INDIANAPOLIS -- Phil Emery had a wide smile on his face when he filled the concourse at Lucas Oil Stadium with some smoke Thursday morning.

NFL draft season has arrived.

Interpret every bit of information as carefully as possible, especially when the Bears general manager talks about the wealth of offensive playmakers that will be on the board when the team selects at No. 14 overall.

"I'm sure my peers recognize that," he said.

The Bears are going to have choices, but it's unlikely Emery is in position to make that kind of choice. The Bears can't accomplish their stated goals of rebuilding the defense and getting younger on that side of the ball by making a luxury selection to boost the league's No. 2 scoring offense.

But if the Bears re-sign defensive tackle Henry Melton, something Emery indicated he's going to try to do, all of a sudden the club will have a little flexibility with the first-round pick, especially if the team can make another move or two. It's going to require work from both sides as the team didn't get close to a multiyear deal with Melton a year ago, when he was secured with the franchise tag.

What was interesting Thursday is Emery and coach Marc Trestman were upbeat about Melton seven weeks after the general manager called him out at the end of the season, and Melton told the Tribune on Tuesday he is "all for staying."

"He's very focused," said Trestman, who met with Melton for 45 minutes Wednesday. "You'll see he dropped some weight. He looks very good physically right now. He's been on time, he's working hard with (athletic trainer) Chris (Hanks).
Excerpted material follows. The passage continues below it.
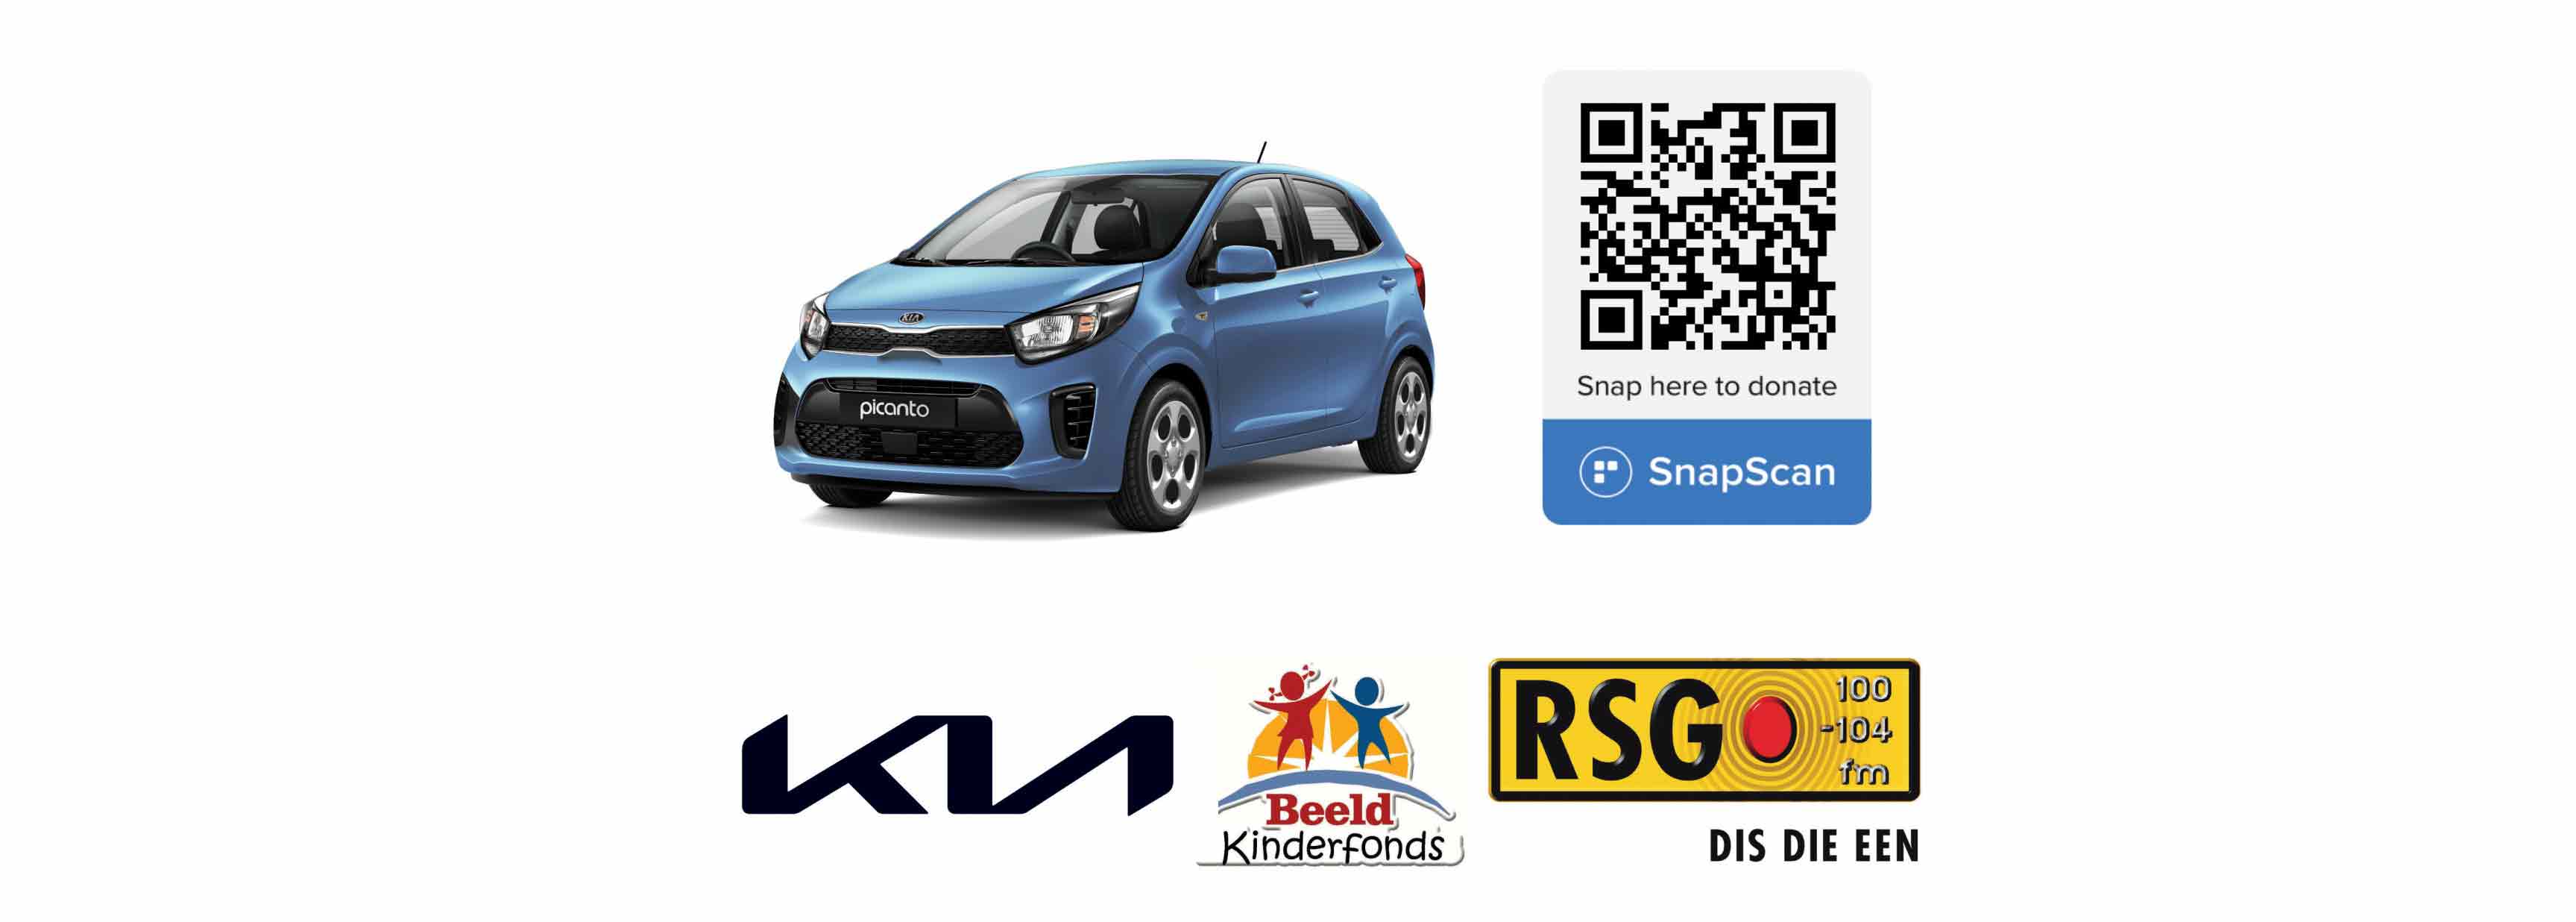 Win a Kia Picanto by supporting the Beeld Children’s fund

He's committed to getting himself back and he's got work to do to get there, but he's in a very good place right now and we all understand the situation. We'll see where it goes."
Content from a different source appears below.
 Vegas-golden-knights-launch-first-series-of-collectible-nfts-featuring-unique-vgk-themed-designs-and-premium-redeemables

Emery was more succinct, saying Melton has "made positive progress." The Bears also are expected to pursue Jeremiah Ratliff after he had what amounted to a five-game tryout at the end of the season. Getting the under tackle position squared away and adding additional depth and experience inside could be the first domino for a defense with multiple needs.

The Bears could need two starting ends, as it is inconceivable the team will carry Julius Peppers' current cap figure of $18.183 million. Emery said Peppers is a member of the team and remains under contract, but the Bears cannot pay the 34-year-old $14 million this season. The club has a plan in place but isn't ready to unveil it. One possibility is the team has nothing to lose to see if Peppers will take a deep pay cut. Or maybe Emery wants to wait until just before the opening of free agency March 11 to release Peppers and increase the team's cap space. Whatever the case, expect action at some point. But the roster isn't going to get younger if most of the veterans are brought back.

Emery stated he wants to bring back cornerback Charles Tillman, who turns 33 Sunday, but called it a "process." That was a word used to describe the club's handling of the Brian Urlacher situation a year ago, but Tillman might be treated a little differently even if he receives only a one-year offer.

"Certainly Charles knows we want him back," said Emery, who went out of his way to congratulate the veteran on his Walter Payton Man of the Year award at the opening of his remarks. "We'll just work through it."

Satisfying their needs at tackle could allow the Bears to look for an edge rusher, a safety or even a cornerback or linebacker in the first round. Trestman is optimistic about the opportunity to improve the defense quickly, just as the team got going offensively a year ago. He cited a recent staff meeting in which he put a roster from a year ago at this time on the board.

"There were 10 players on the offensive side of the ball that were not on the roster at this time of the year and significantly impacted our football team by the end of the season," he said. "I just note that because this is a process we are going through, filtering through our team, filtering through the free agents and then building our team through the draft."

The Bears' draft needs will come into focus after they've made final determinations on their own free agents and set off into the marketplace. Maybe the first move is with Melton.